In the course of the suit, the federal district court for the District of Columbia issued an injunctive order prohibiting EPA from destroying any relevant records. That an injunction was necessary is telling. Nonetheless, in blatant contravention of the court’s order, “the hard drives of several EPA officials were reformatted, email backup tapes were erased an reused, and individuals deleted emails received after that date.”

According to the Court:

Here, EPA’s conduct of reformatting computers and erasing email backup tapes continued for over three months after the Court issued its order. This scheme shows both frequency and severity sufficient to justify the award of Landmark’s legal fees. This conclusion is bolstered by the unique nature of this case. EPA’s conduct was directly related to the subject matter of this FOIA litigation-Landmark sought information, and EPA destroyed it. Attorney’s fees covering the entire span of the contempt dispute are appropriate because EPA’s contempt was not merely incidental litigation conduct, but goes to the heart of the case. The Court concludes that the appropriate sanction for EPA’s contumacious violation of this Court’s January 19 order is to impose sanctions in the form of Landmark’s attorney’s fees and costs incurred as a result of EPA’s contumacious conduct.

Read all about it for yourself. I’ve posted the court’s July 24, 2003 decision at the bottom of this post.

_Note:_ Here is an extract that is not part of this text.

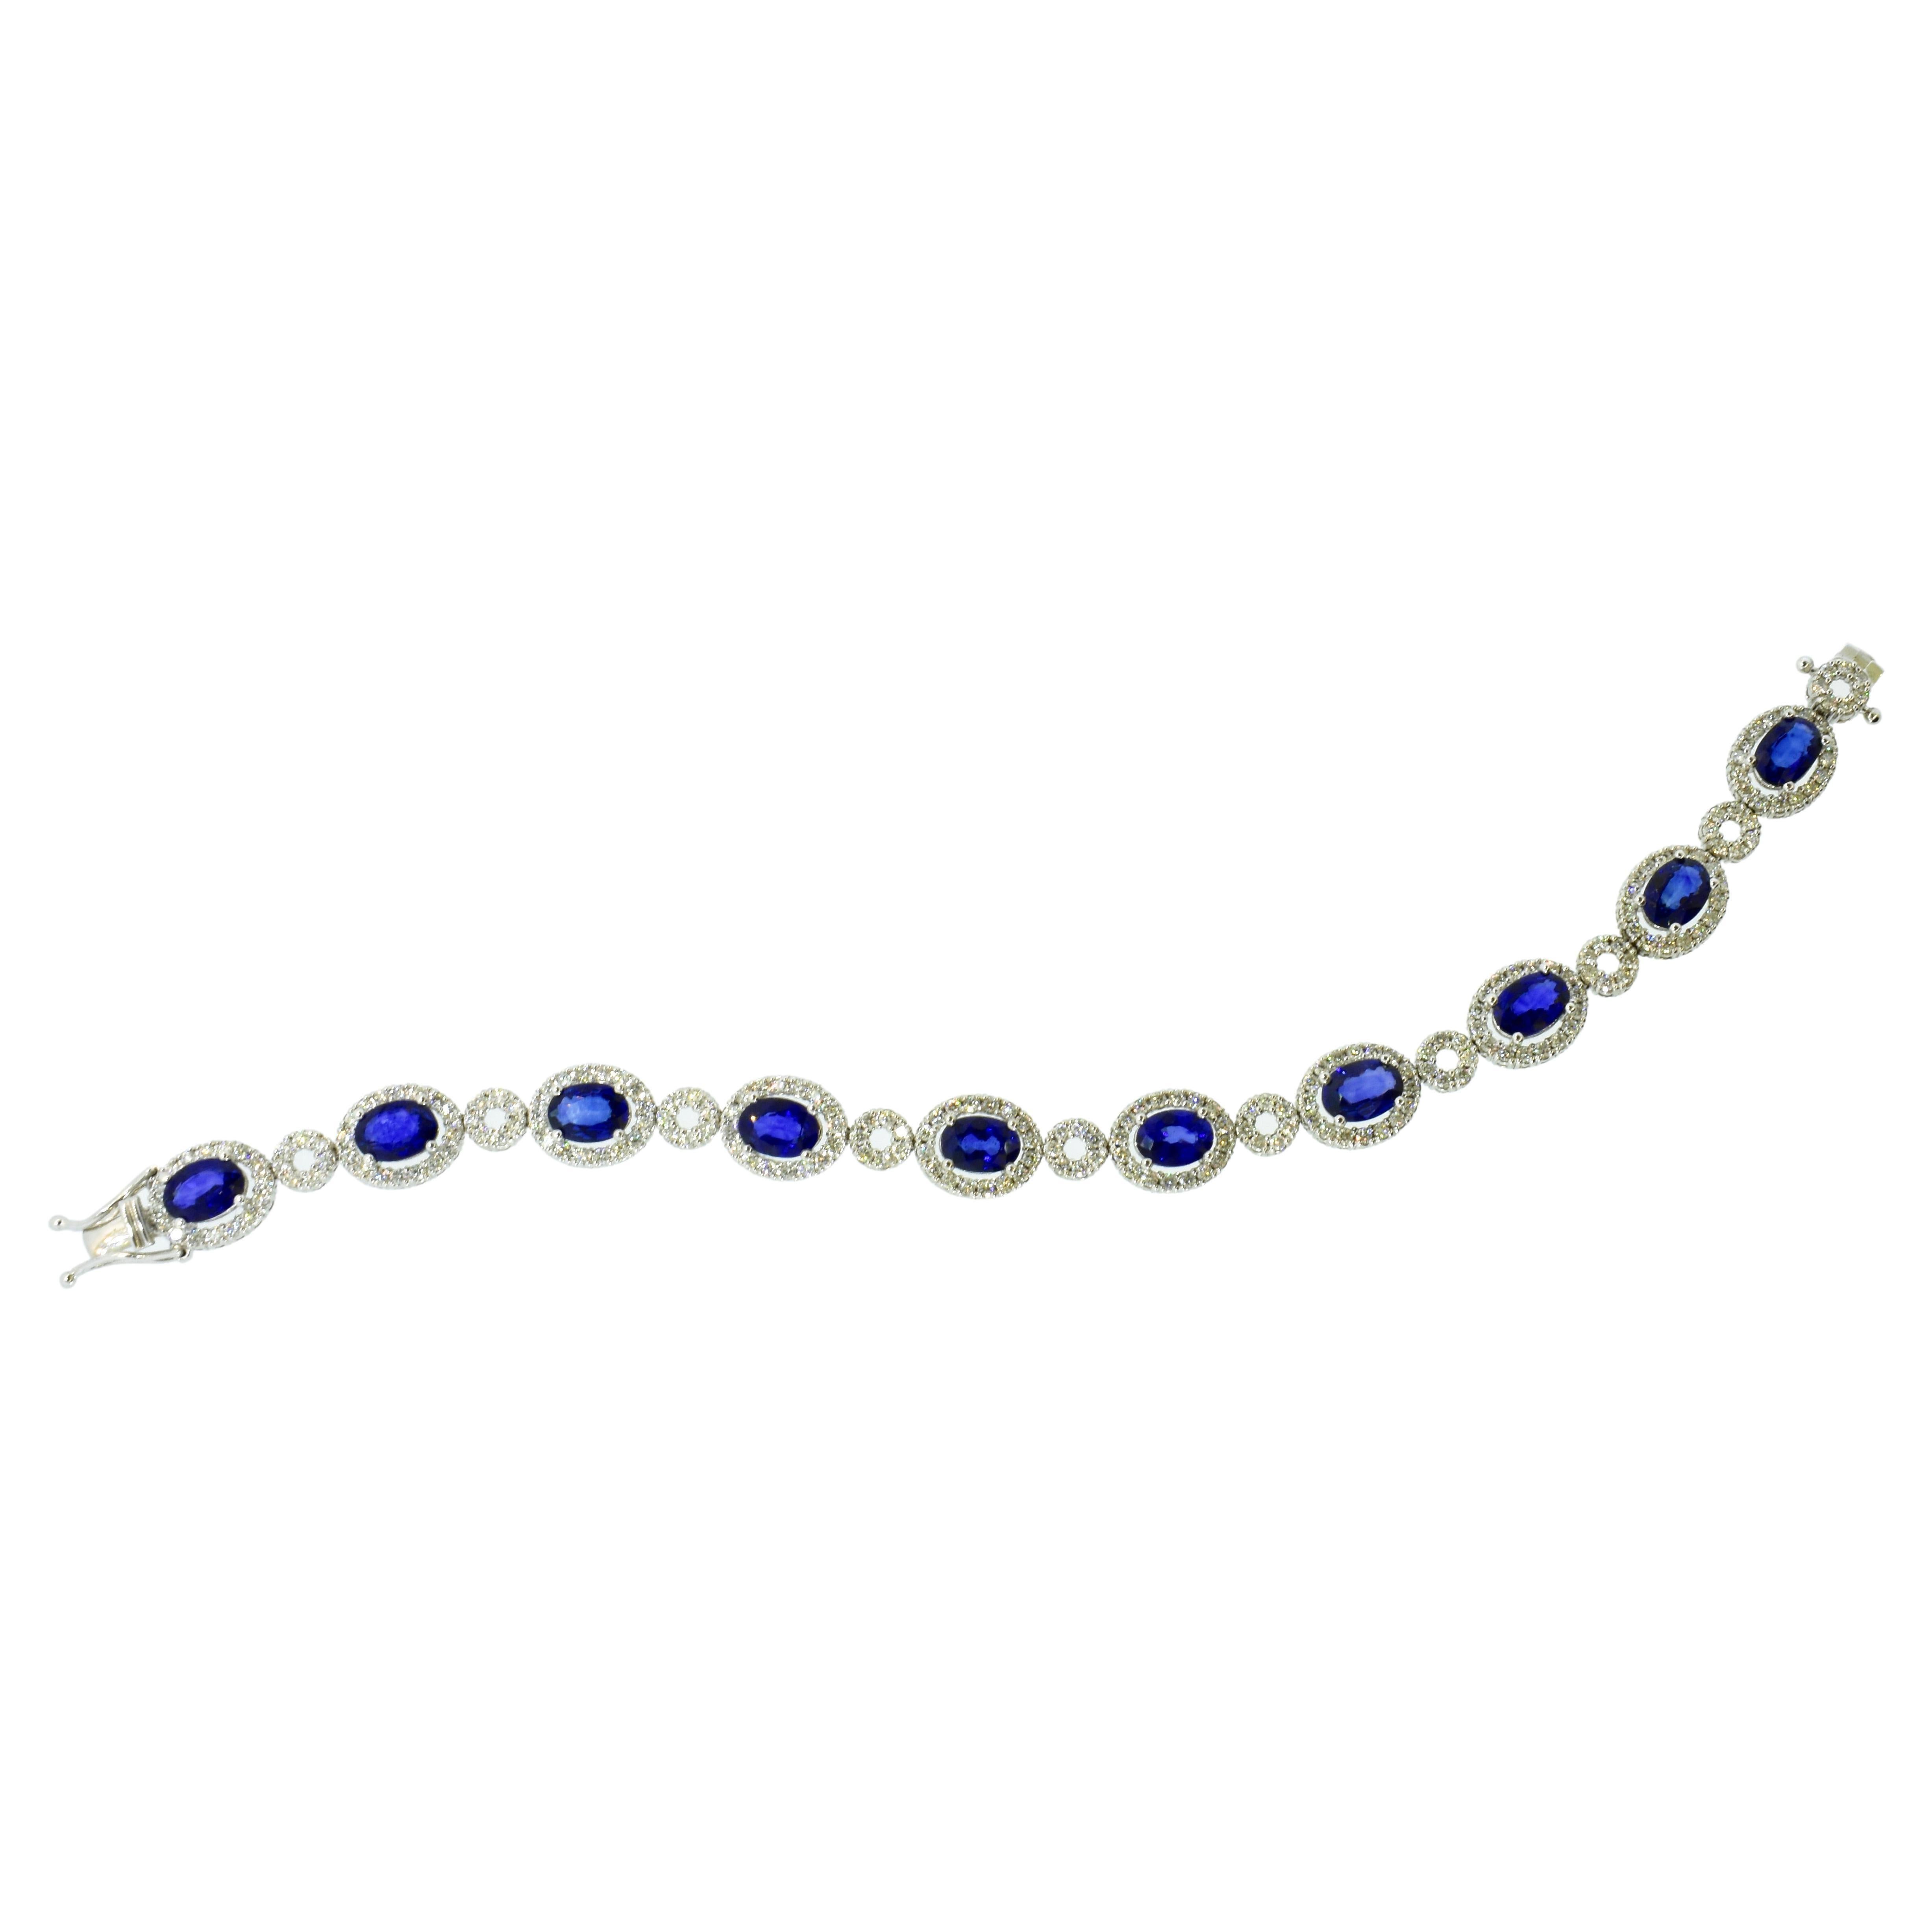 Diamond and fine natural sapphire contemporary bracelet. This well made white gold bracelet possesses 10 fine natural vivid blue oval sapphires. These stones exhibit a clear blue color with no undesirable undertones - such as green, and the clarity

*And this is exactly what EPA did. It was during Clinton’s lame-duck session that EPA promulgated an ultra-controversial decision to find that it was “necessary and appropriate” to regulate hazardous air pollution from power plants, due to mercury’s effect on public health. This illegitimate decision had crucial public policy ramifications—it led directly to EPA’s ridiculous Utility MACT, which was promulgated in February 2012.